Tony me dio, por supuesto, lo que fui a buscar: la confirmación absoluta de que Florángel había muerto a los diecisiete años de edad. Pero fuera de ello, no supo o no pudo darme siquiera un elemental consuelo. Si algo agregó más bien fueron nuevas razones para mi perplejidad. Dijo que una noche (encajada con exactitud en fecha y entre las horas que pasé junto a Florángel) había creído verme sentado en solitario en un banco del parque Manila, pero que prefirió no llegar hasta mí, pues temía ser engañado por las apariencias, algo que suele sucederle cuando transporta demasiada cantidad de ron entre pecho y espalda. Observó que yo estaba sosteniendo una animada conversación conmigo mismo o con el aire, así me dijo, y eso le hizo pensar que no era yo, pues no concebía, así me dijo, que yo hubiese parado en loco o en alcohólico.         
Por lo demás, aunque sabía de antemano que iba a perder el tiempo, intenté hacer partícipe a Tony de la insólita aventura que acababa de tener con Florángel. Pero él apenas se limitó a sonreír muy serio, con la seria sonrisa que es propia únicamente de los borrachos, y repuso que eso no era motivo para que me preocupara. Al contrario, dijo, debía considerarme un privilegiado por haber compartido una experiencia en común con nuestro apóstol.
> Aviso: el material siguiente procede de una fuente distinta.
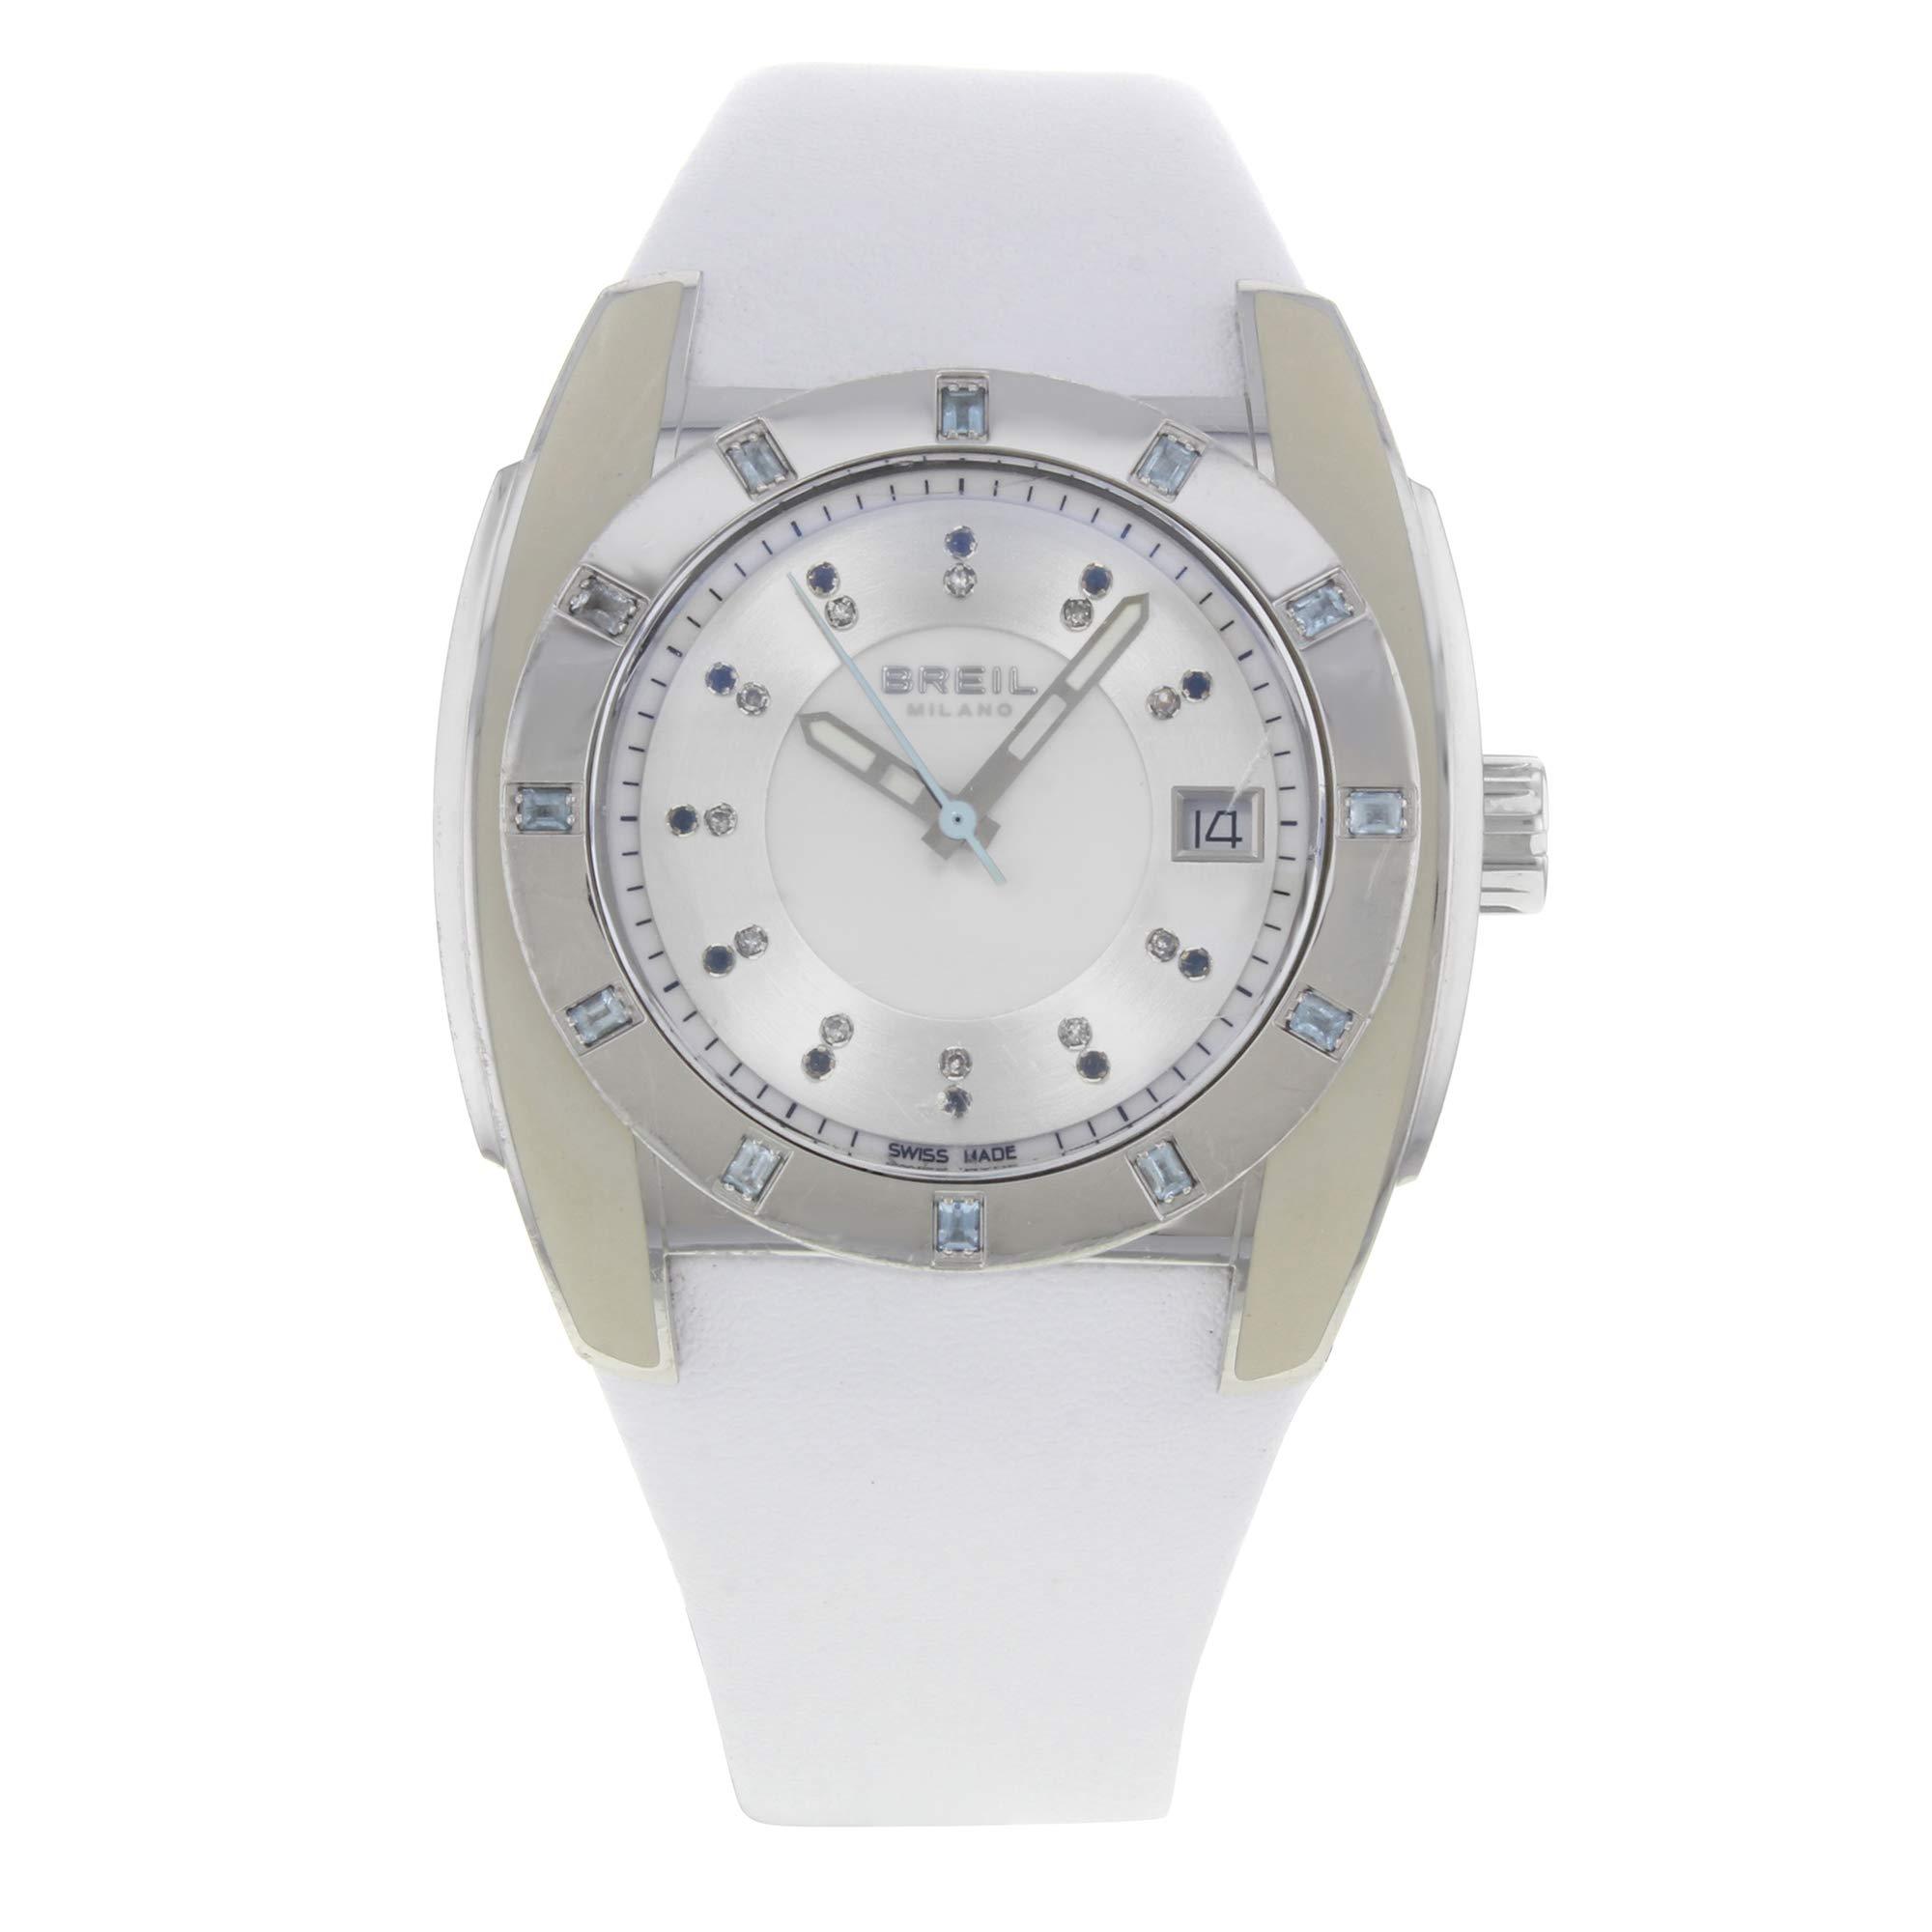 Breil Aquamarine Quartz Female Watch BW0520 (Certified Pre-Owned) by Breil

Y acto seguido, engoló el pastoso verbo para recitar uno de los Versos Sencillos de José Martí, curioso e inquietante, ciertamente: “Yo tengo un amigo muerto que suele venirme a ver”.
En fin, cuando logré zafarme de Tony aquella noche, cuatro botellas más tarde, había resuelto echar el resto de mi vida si fuera necesario sentado en el parque Manila, quiero decir yendo a sentarme cada noche, a las siete. Sin prisa pero sin pausa, para aguardar por el regreso de Florángel.
Por cierto, ahora que lo pienso, si en la época en que fui reclutado para el servicio militar Florángel tenía diecisiete años, hoy debiera ser ya una mujer vieja. Pero yo no diría que las rubias carnes que volví a estrechar hace unos pocos días mostrasen en lo más mínimo los estragos de la vejez.
Aunque, pensándolo mejor, yo tampoco recuerdo haberme sentido dentro del cuerpo de un hombre maduro, ni por un minuto, con todo y mis cincuenta y siete años de edad. Lástima que no pueda precisar ahora mismo si en algún momento tuve la prevención de mirarme en el espejo.  

José Hugo Fernández, del libro “Hombre recostado a una victrola”.